=== RECORDED DATA ===

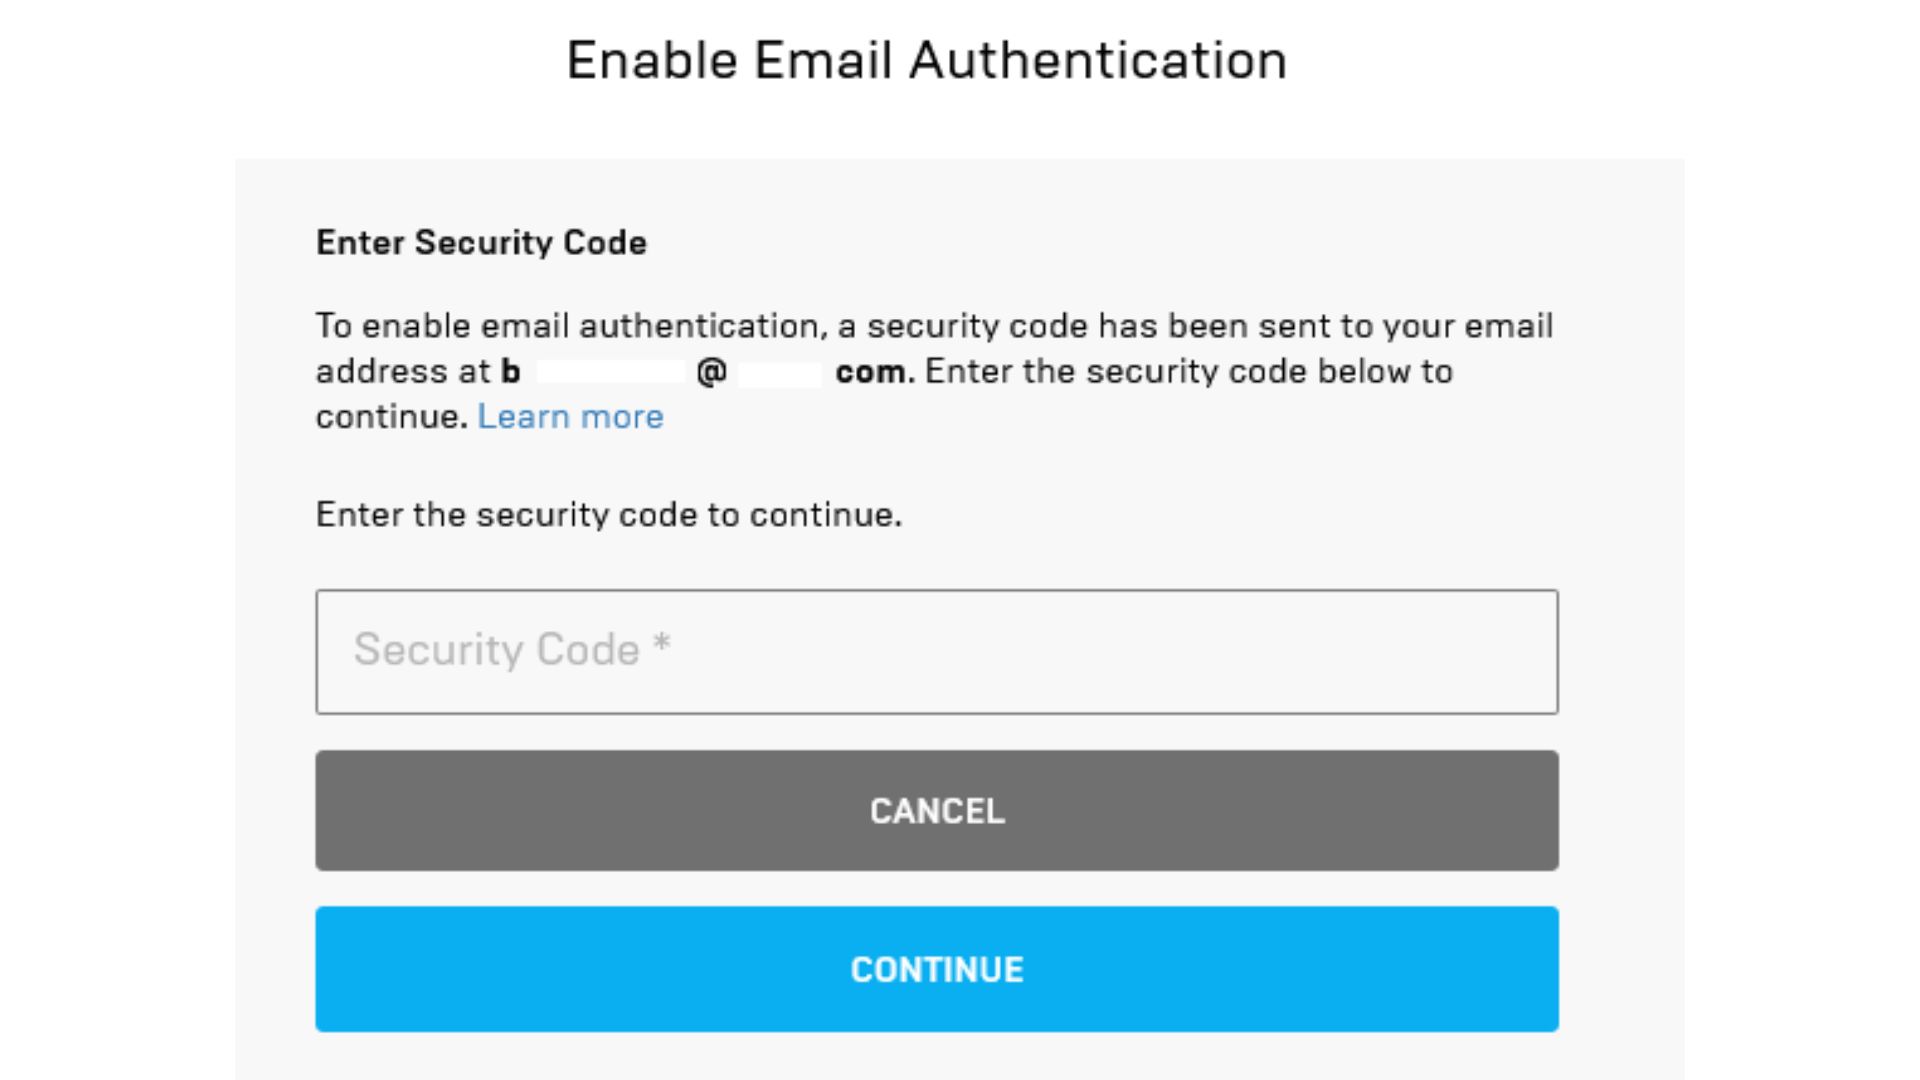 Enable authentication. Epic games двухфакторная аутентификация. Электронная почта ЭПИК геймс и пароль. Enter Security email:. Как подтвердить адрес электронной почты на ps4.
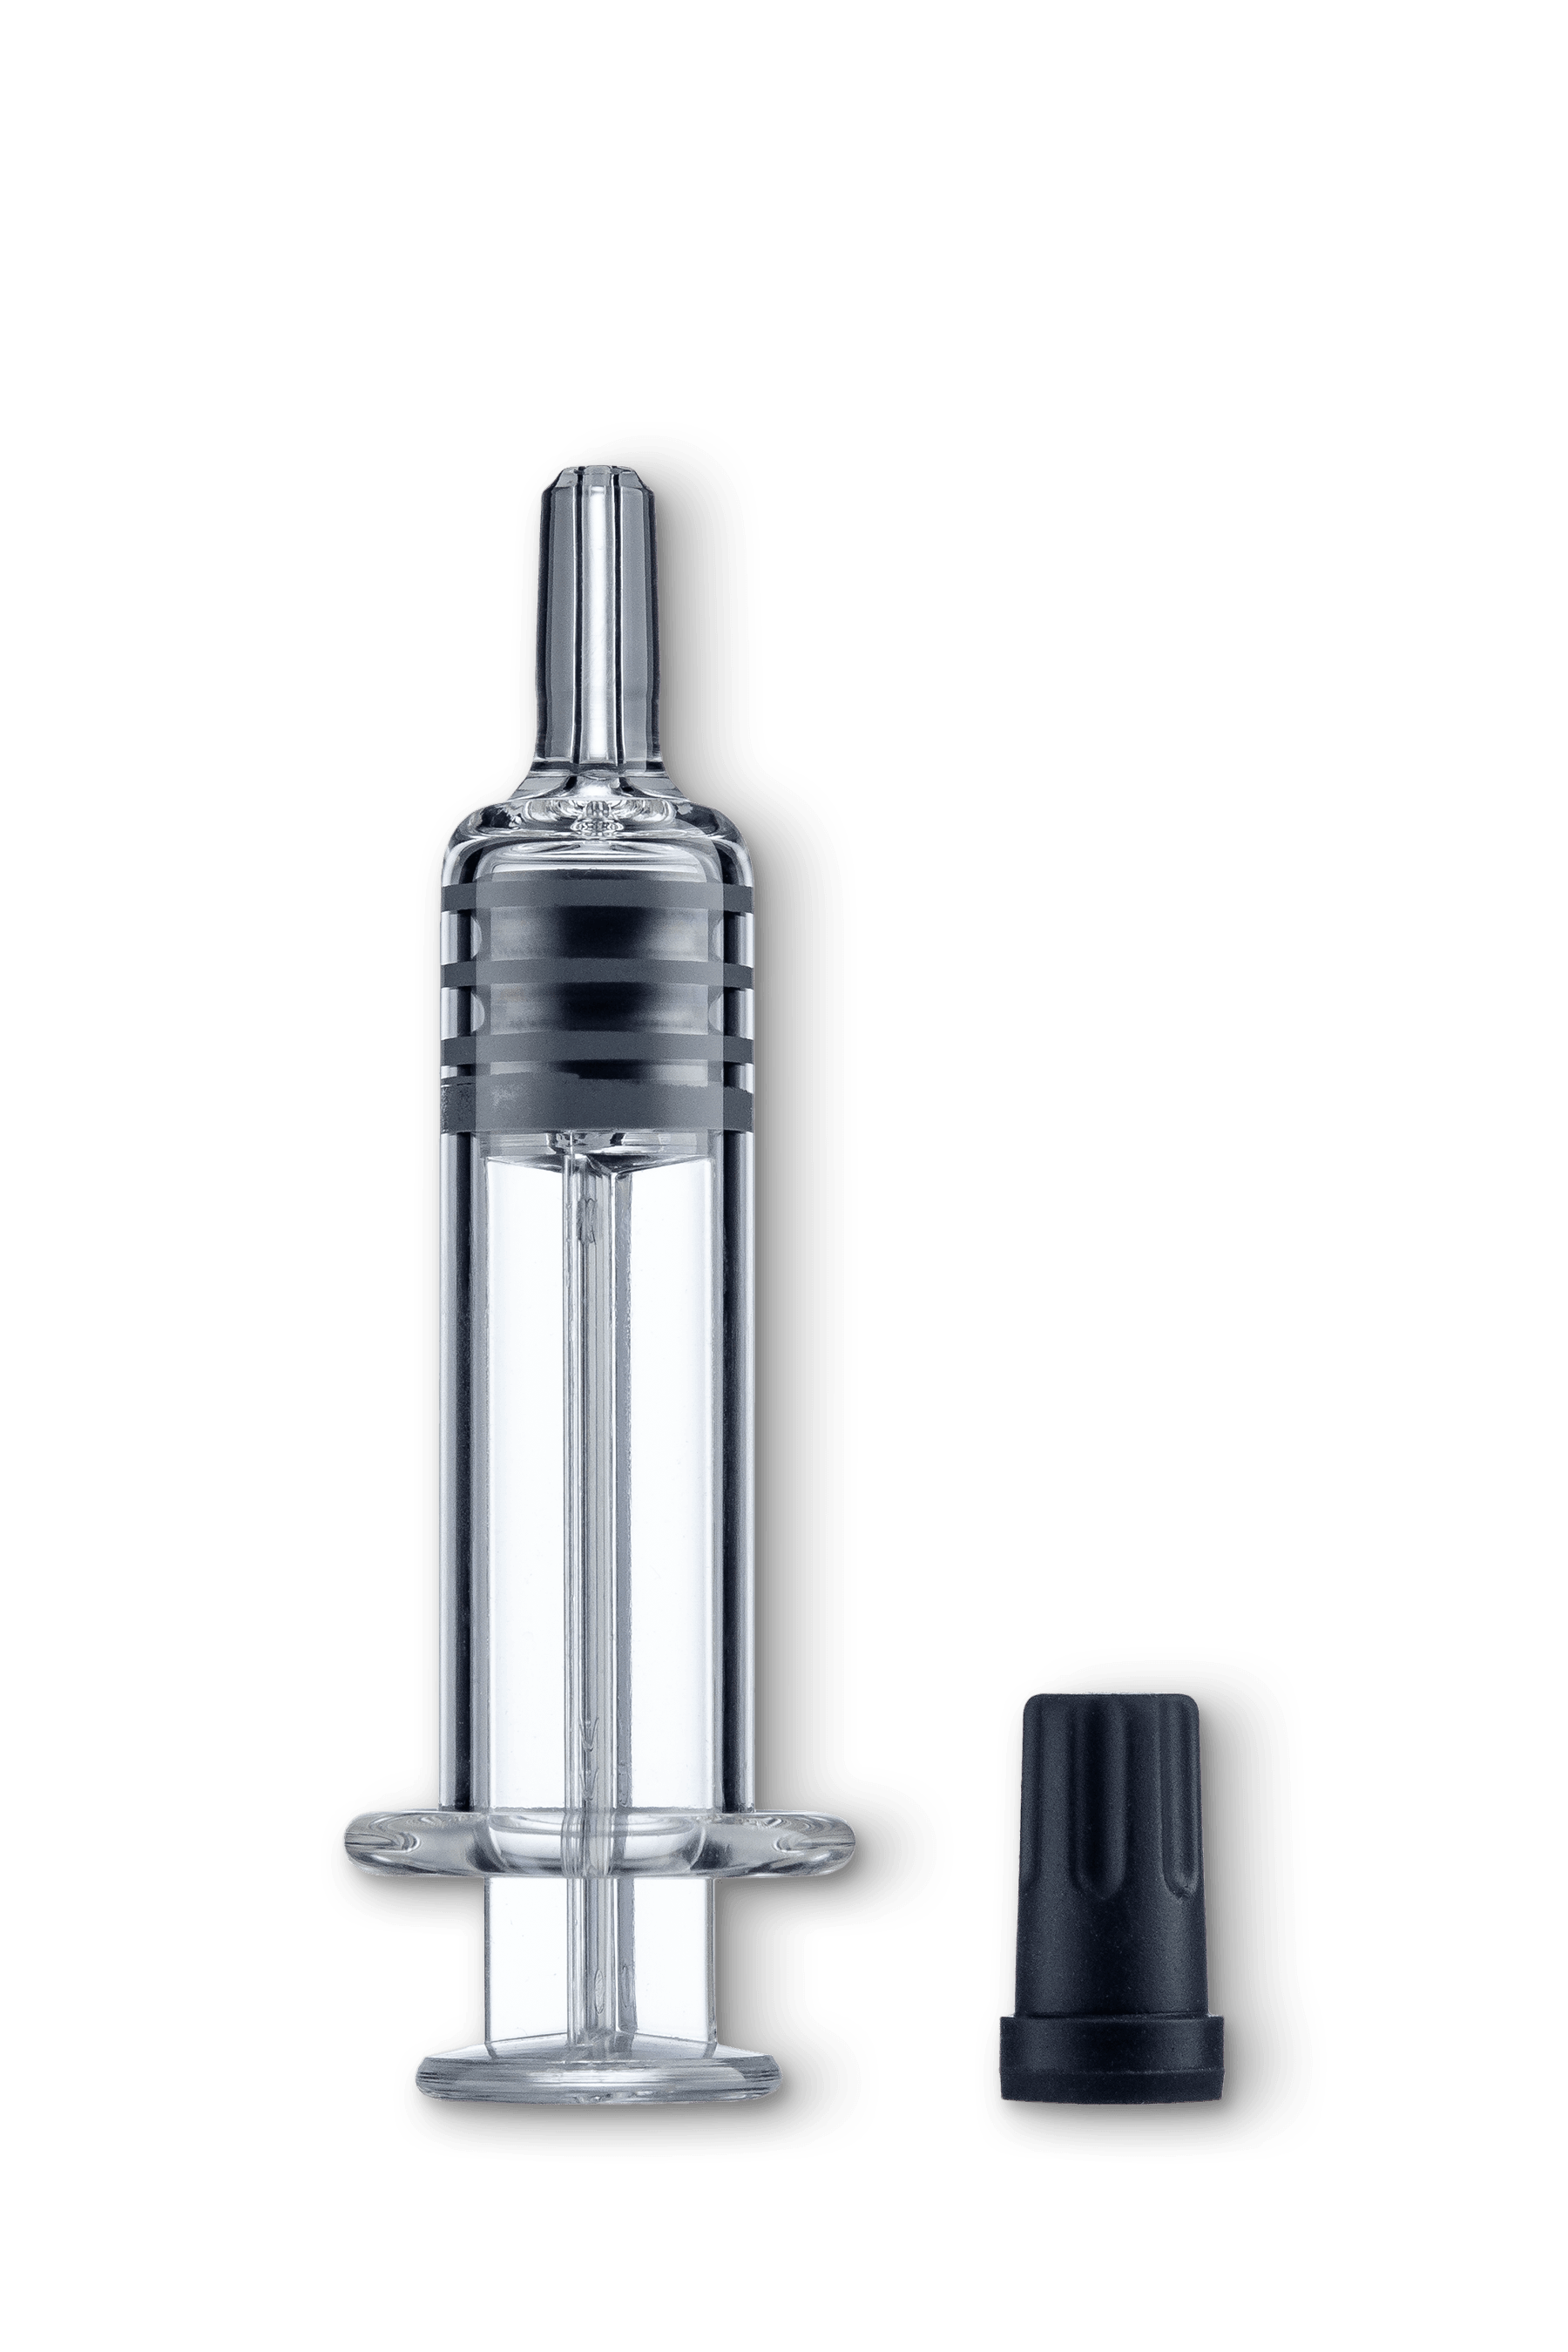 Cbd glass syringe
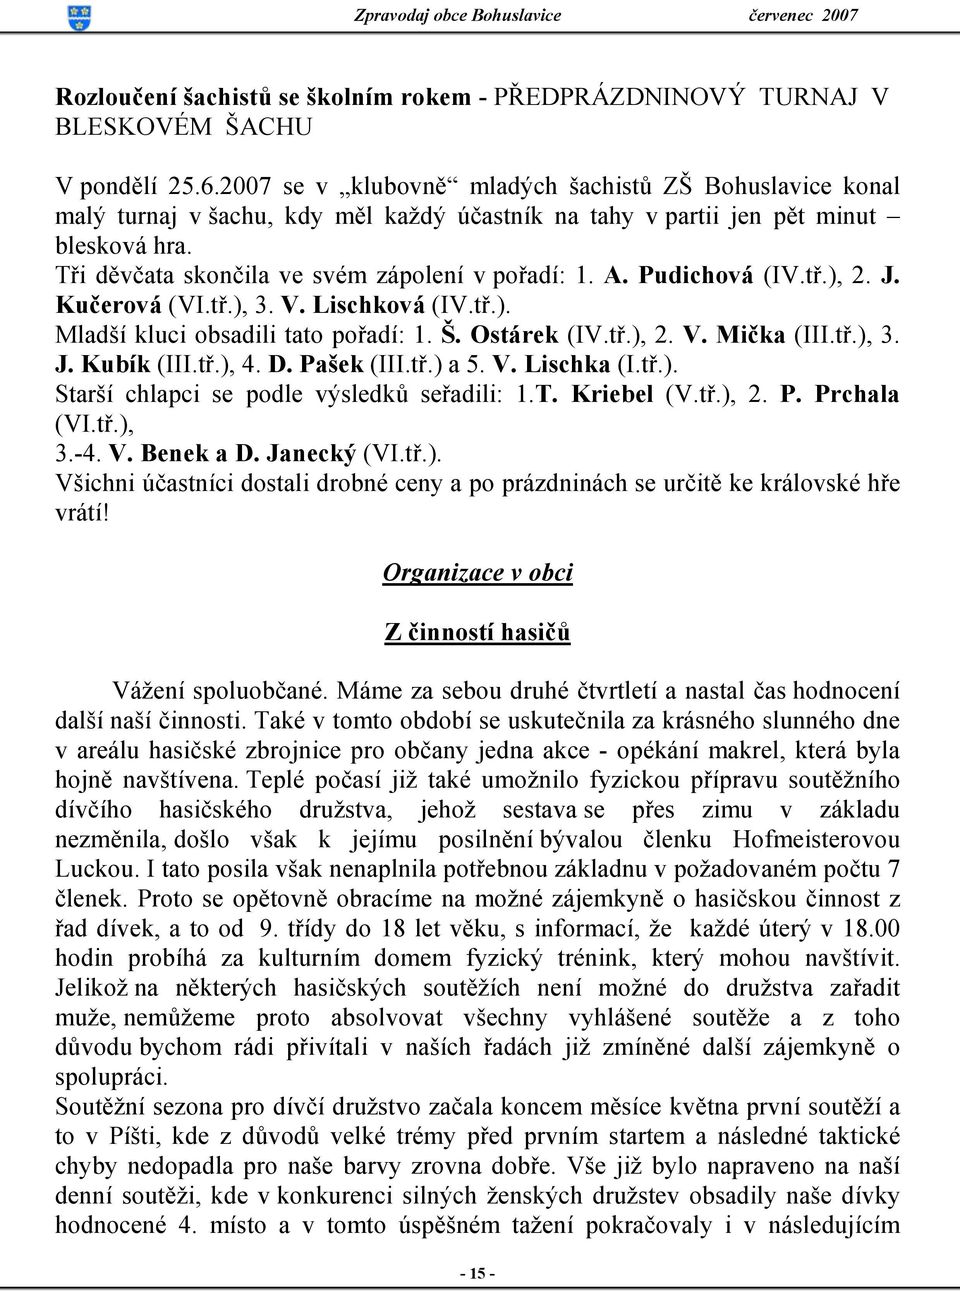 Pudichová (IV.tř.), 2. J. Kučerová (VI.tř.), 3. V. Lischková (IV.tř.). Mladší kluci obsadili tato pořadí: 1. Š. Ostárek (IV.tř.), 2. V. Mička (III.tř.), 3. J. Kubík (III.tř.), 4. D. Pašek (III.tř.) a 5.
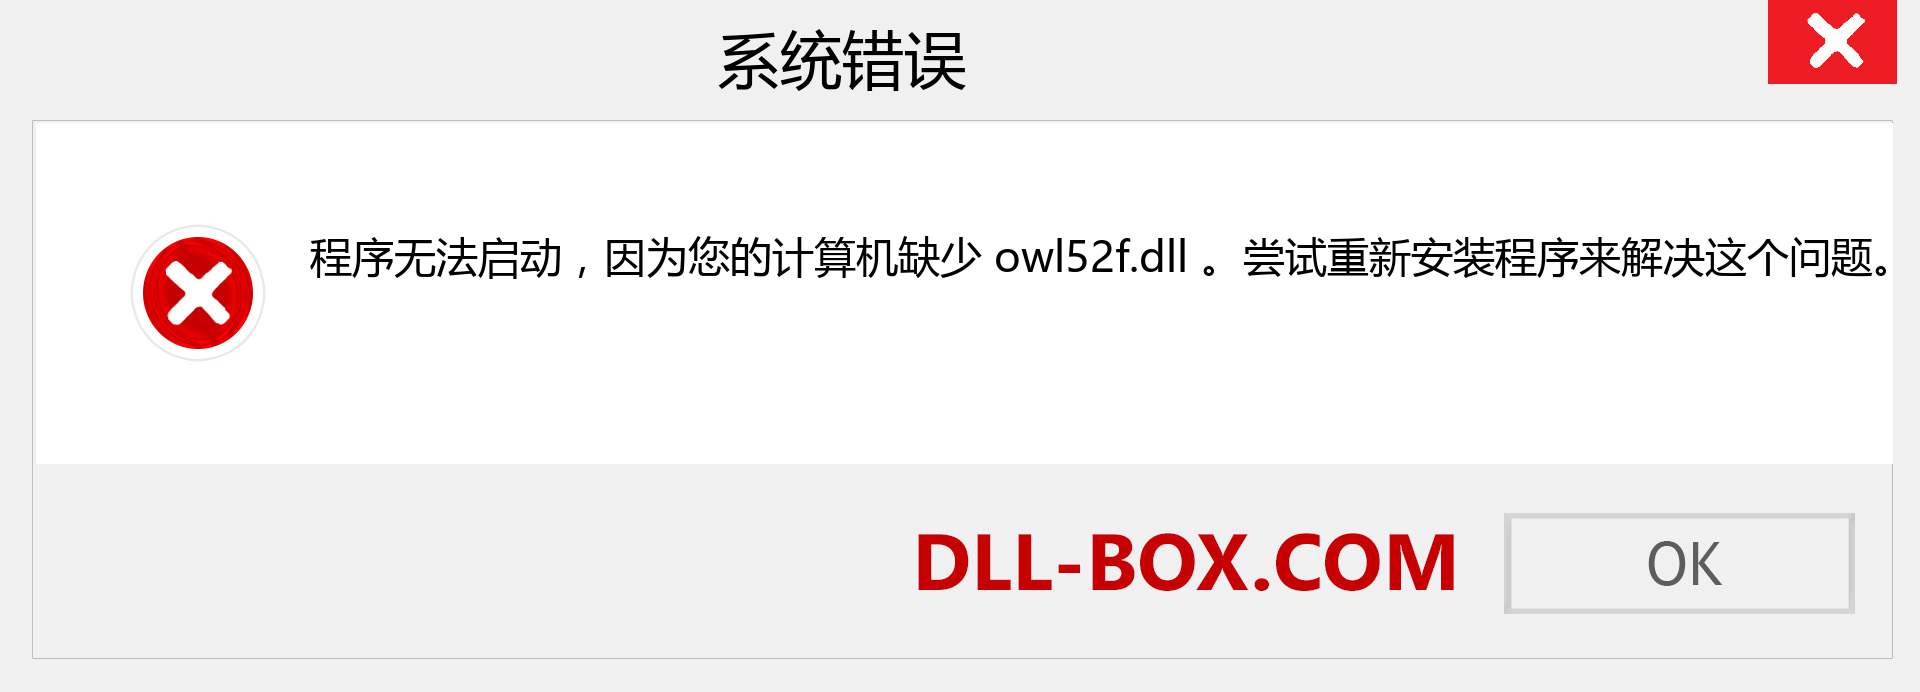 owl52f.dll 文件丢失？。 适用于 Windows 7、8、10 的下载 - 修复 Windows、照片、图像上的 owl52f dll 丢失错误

===

**GOAL OF THE EXERCISE**:
Copy the data verbatim, skipping any image it holds.

**EXERCISE ANSWER**:
 Enable authentication. Epic games двухфакторная аутентификация. Электронная почта ЭПИК геймс и пароль. Enter Security email:. Как подтвердить адрес электронной почты на ps4.
 Cbd glass syringe
 Pudichová (IV.tř.), 2. J. Kučerová (VI.tř.), 3. V. Lischková (IV.tř.). Mladší kluci obsadili tato pořadí: 1. Š. Ostárek (IV.tř.), 2. V. Mička (III.tř.), 3. J. Kubík (III.tř.), 4. D. Pašek (III.tř.) a 5.
 owl52f.dll 文件丢失？。 适用于 Windows 7、8、10 的下载 - 修复 Windows、照片、图像上的 owl52f dll 丢失错误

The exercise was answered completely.